Sorry to leave you hanging in the last column, spurting through a ruined handjob, left with aching clit or blue-balls. But there is lots to say about this subject, and I needed to get through part one, regale you of the prickly potential of print and the wonderfulness that is eBooks, especially for us erotic writers.
Now onto self-publishing…
As with most things I find in our dizzying digital age, there are good and bad aspects to self-publishing. The good is, you can potentially get your book out there for not so much money, little effort, while controlling pretty much every aspect of its publication. You can also set it up to see 100% of the profit from your book’s sales.
The bad?
I’m sure, to some degree, you already have this figured.
For one, you have no distribution network set-up, or if you do, it will most probably be woefully weaker than an actual publishers’. Not that you can’t create a healthy and profitable distribution network over time, you can even begin a cottage industry all on your own, but it will take a lot of time and a lot of work… unless you get exceedingly lucky.

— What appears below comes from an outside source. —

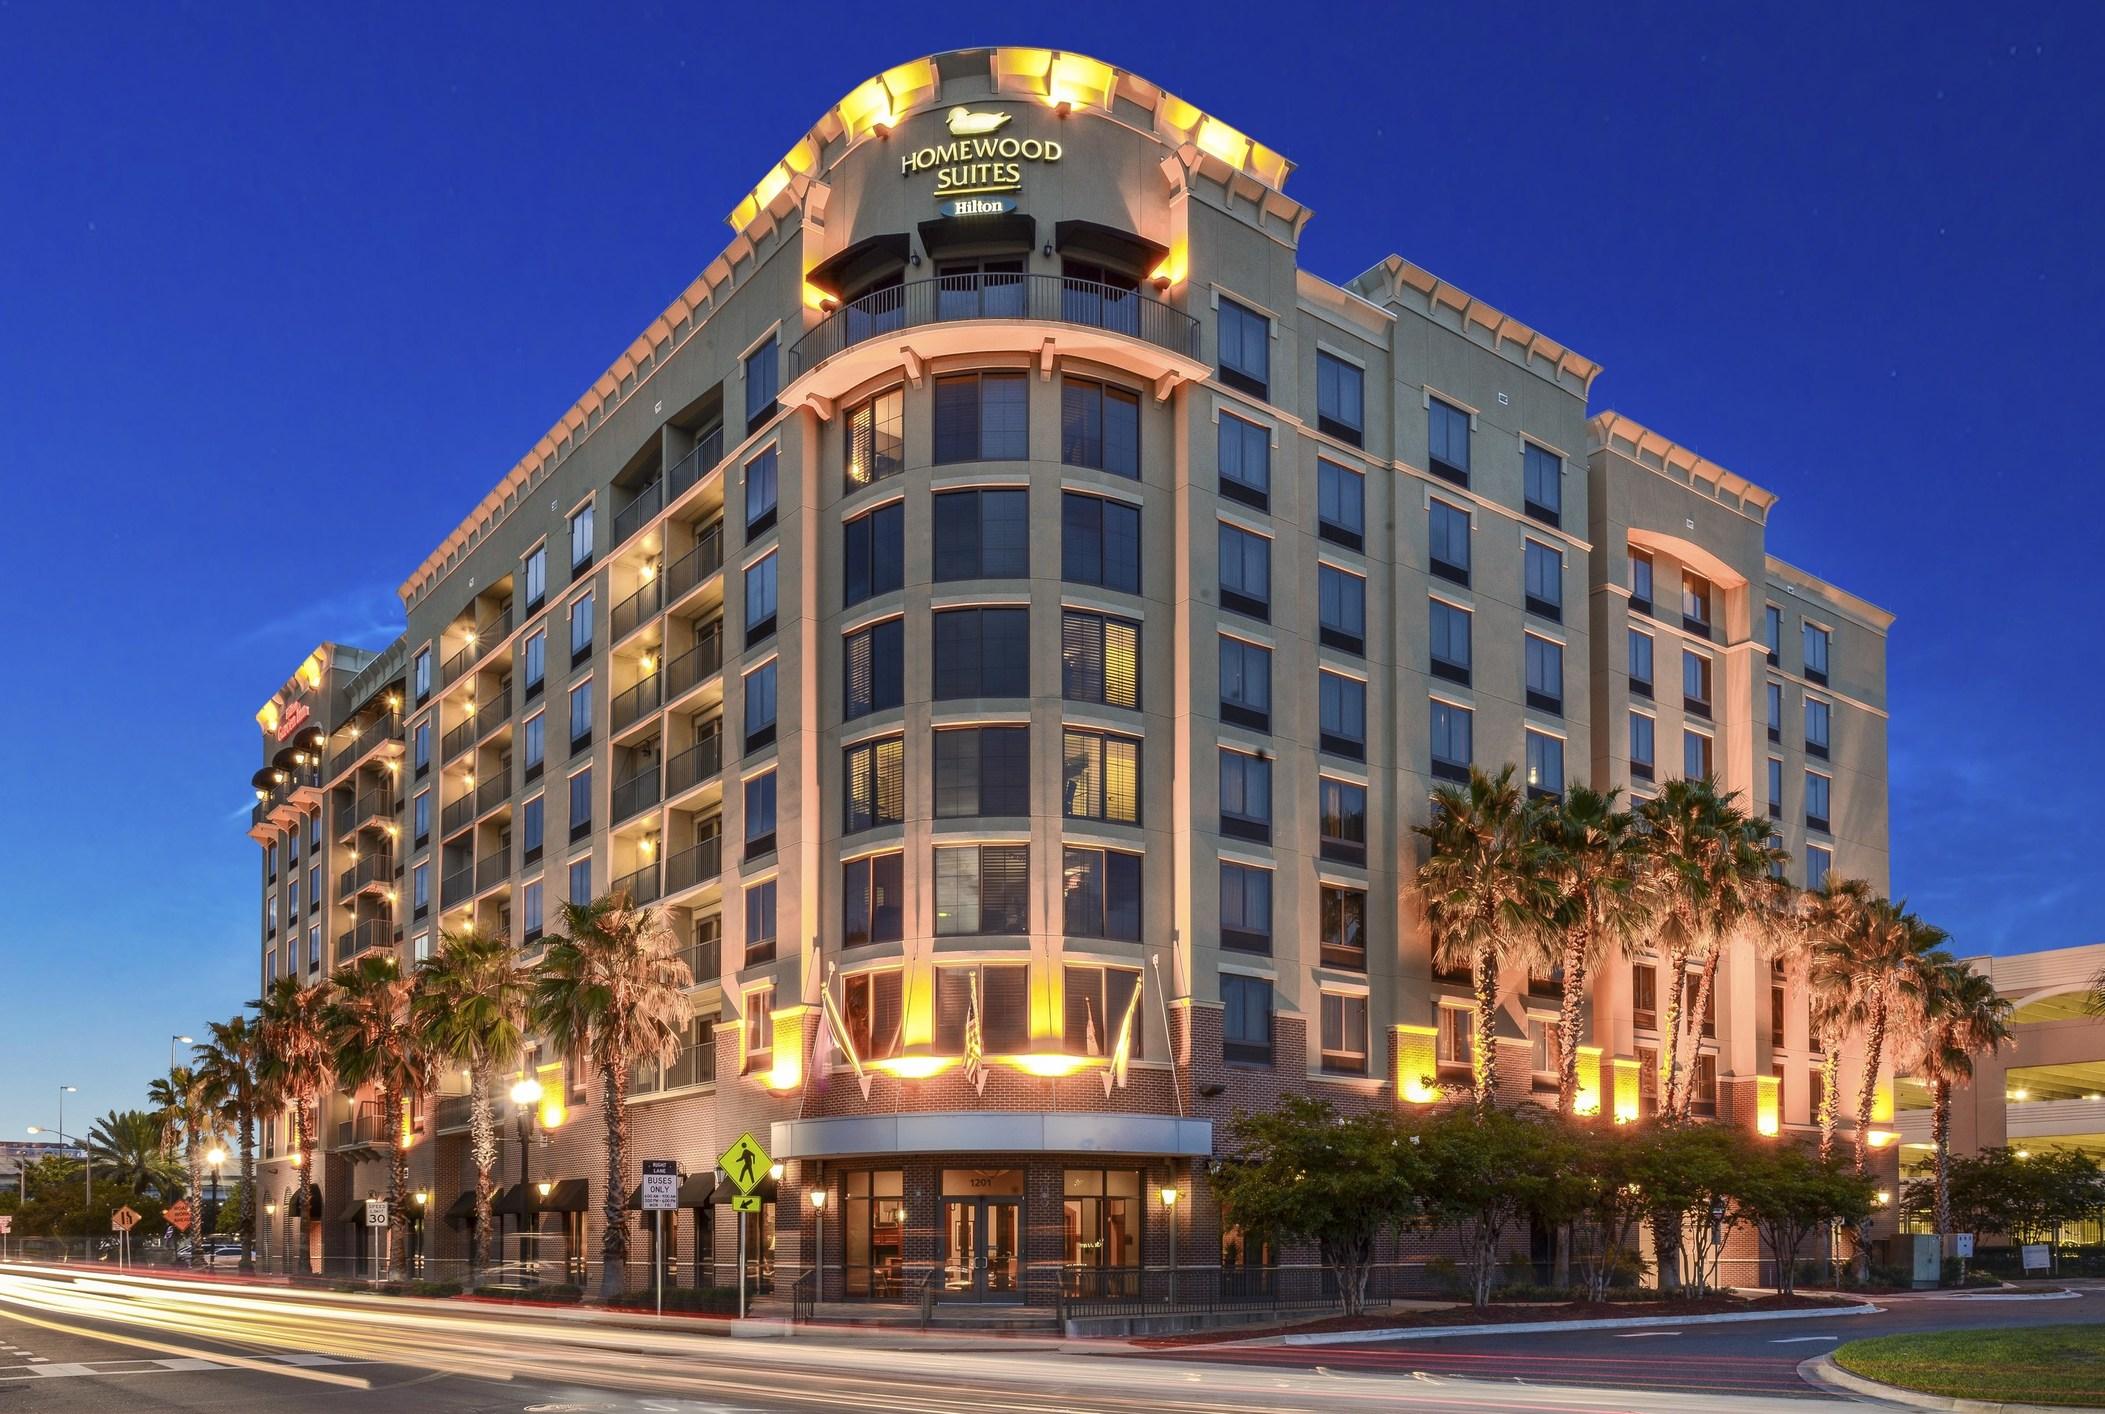 Lingerfelt commonwealth acquires hilton dual branded hotel in downtown jacksonville florida for Hilton garden inn jacksonville nc
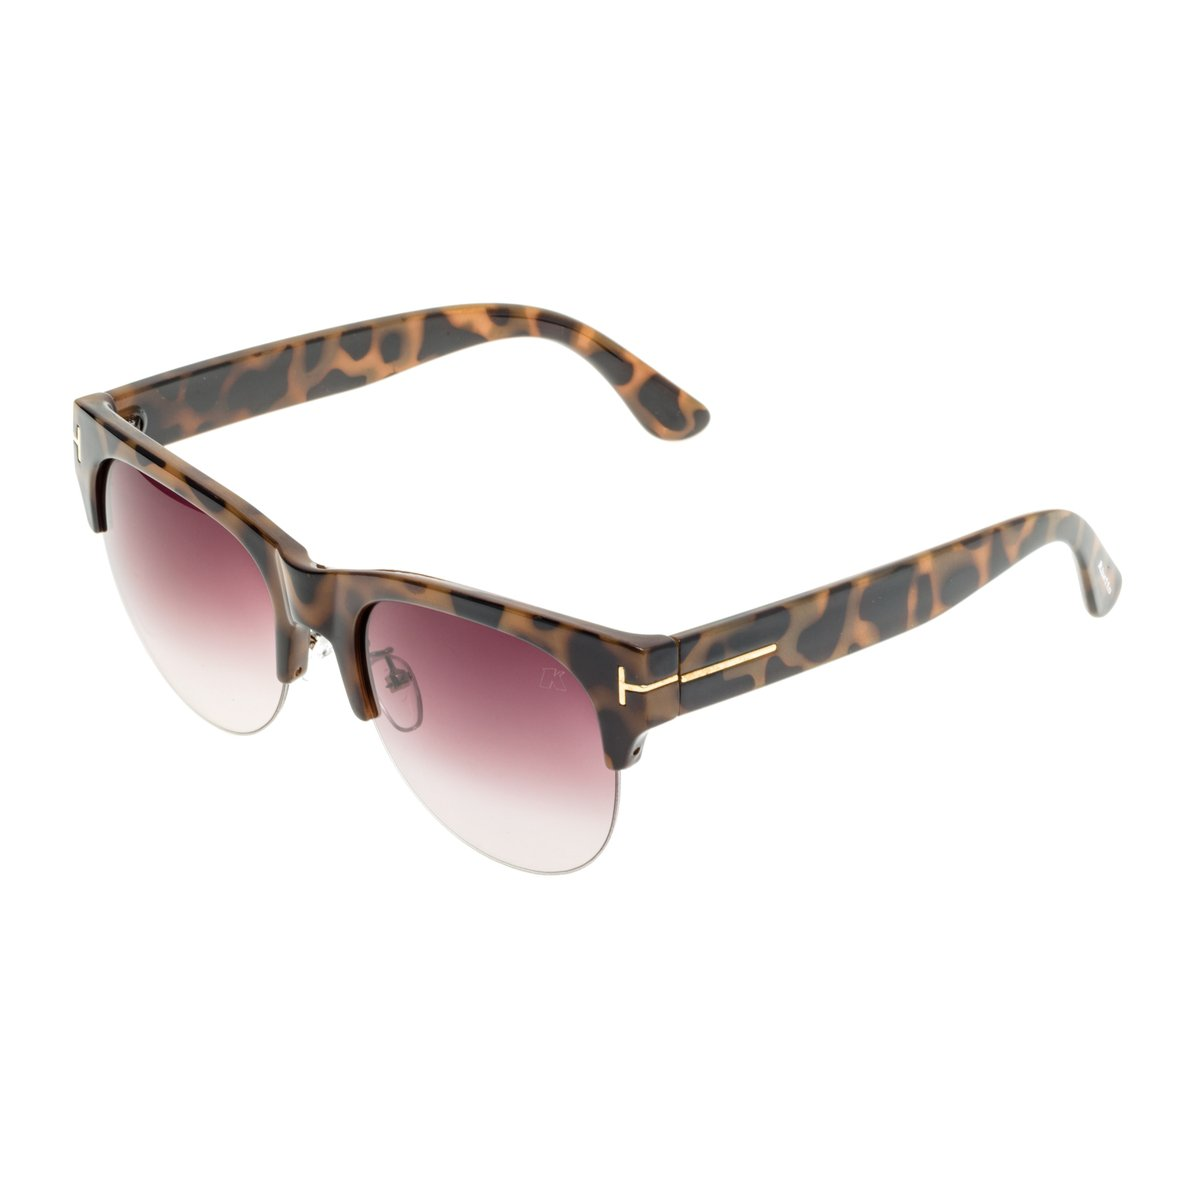 6aaee80d9a65e Óculos de Sol Khatto KT1158 - Compre Agora

And if you don’t think luck figures into the publishing game, as it does in lots of aspects of our lives, then you have probably not lived all that long.
And be warned, if you do indeed take this route, as most self-published books need to, promoting your book all on your own, working hard to Twitter and Twitter news about it, catch every opportunity to spread the news of its existence far and wide, you must realize (again, this is something you are probably aware of already, just not something you want to admit) that there are plenty of other writers just like you, pushing their books.
You are just one of many.
Competition is fierce, while the facility to self-promote is better than ever before.
Do I write this to discourage you? No. It’s just one of the cold hard negatives of self-publishing.
Another negative is that you will not make a ton of money or maybe any real money at all with self-publishing unless, again, you are exceedingly lucky. The good here, though, is that, because you self-publish (and hopefully do so smartly; and I’ll hit on how best to do this in a bit), your overhead is low. You don’t have to sell a lot of books to put yourself into profit. As I mentioned last time, there are tons of books by well-known authors returned to their publishers all the time. The cost for these books returned/not sold can come out of the author’s profits, advance, reputation (all 3) with his or her publisher. Printed books produced by a company and not sold and indeed returned, or put on a clearance rack, always creates ramifications.
You won’t have this problem with self-publishing.
There’s more cautions you might need to consider along the way: companies that advertise packages where they take your book through copywriting, formatting, publishing, and distribution (they are not a publisher per se but a book ‘wrangler’ ) who might rip you off in any of those areas of work they do for you; the complete waste of time and resources that could plague you as you crawl deeper and deeper down the rabbit hole of social media self-promotion; surfing through the soul-crushing criteria listed at each place/site you try and put your book up on (especially true for erotica authors) that might, in fact, get your book thrown off that list/site or call for revisions you can’t see clear to make.
But mostly you come to level the playing field when you self-publish, and as I mentioned before, the best way of doing so presently, is in eBook form.